Input data
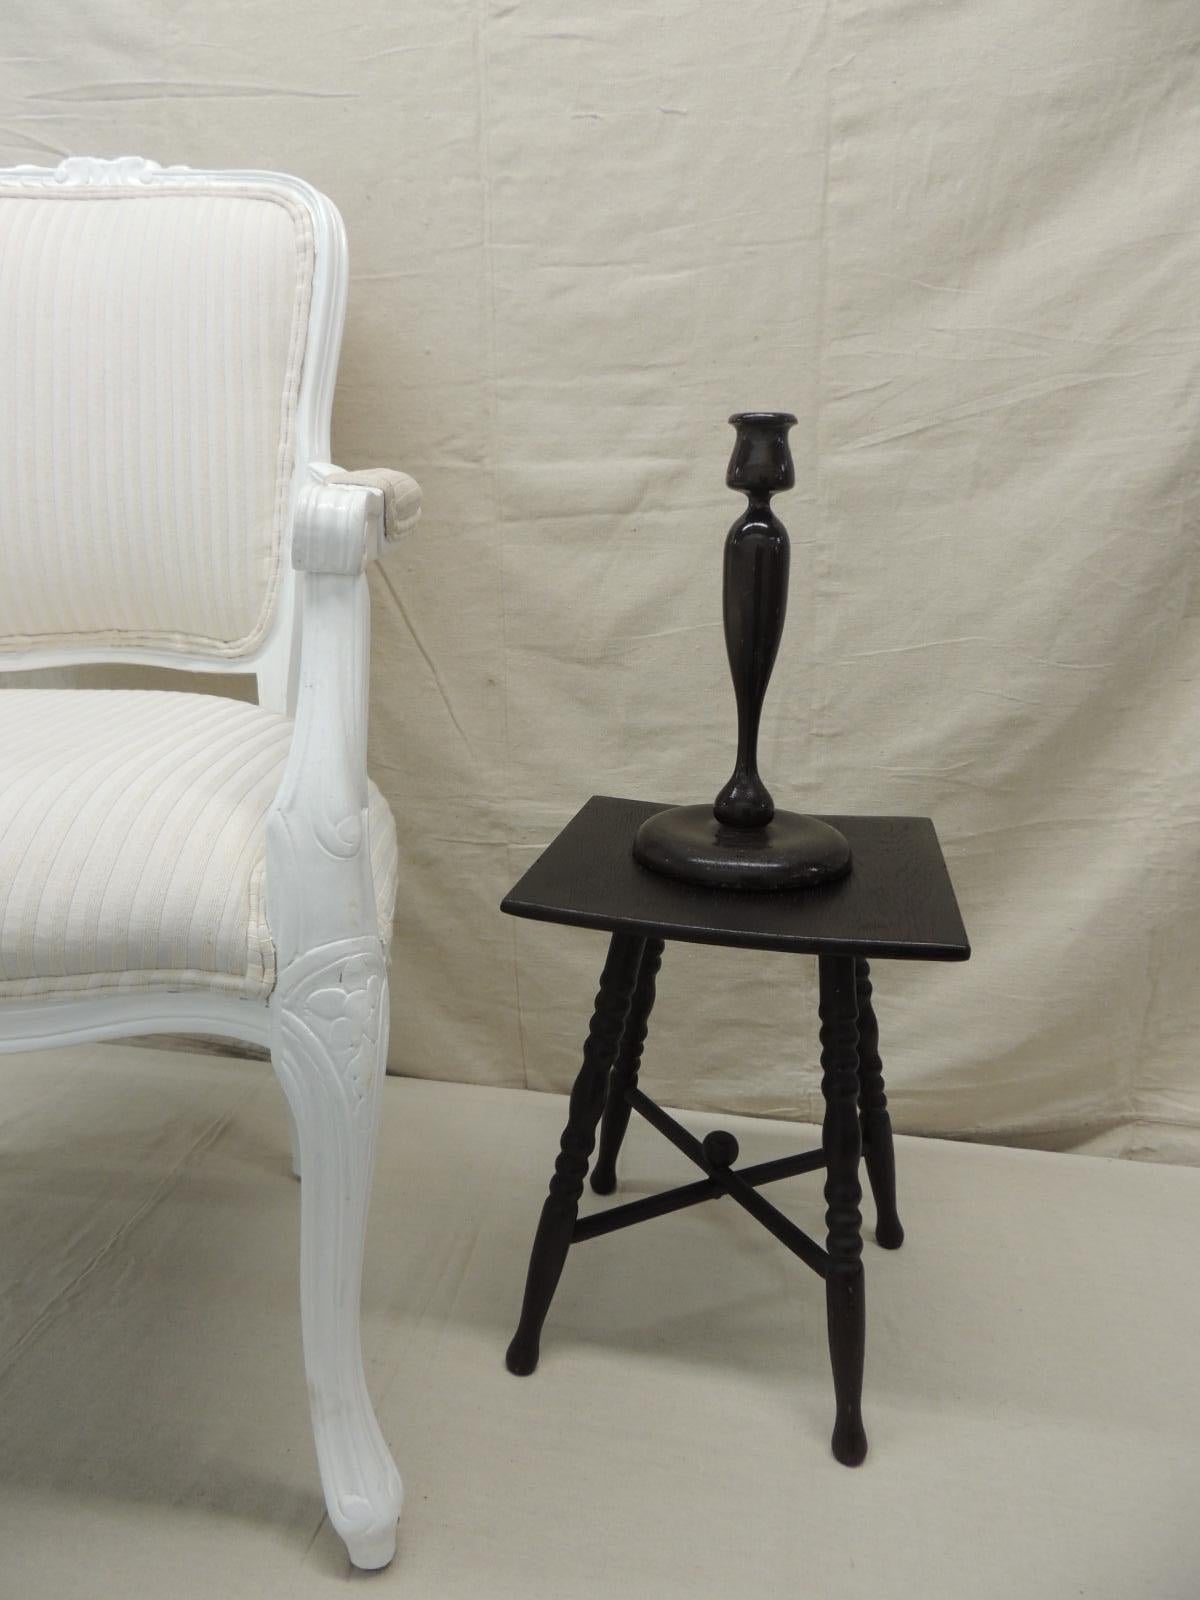 Vintage plant stand with X-base and turned bobbin legs.
Square top, four leg stand. Very sturdy. Dark wood lacquered legs, mate weathered finished top.
Arts & Crafts style
Size: 11

What you are asked to do
Repeat the material above precisely as it appears, omitting the images it contains.

Task response
 Vintage plant stand with X-base and turned bobbin legs.
Square top, four leg stand. Very sturdy. Dark wood lacquered legs, mate weathered finished top.
Arts & Crafts style
Size: 11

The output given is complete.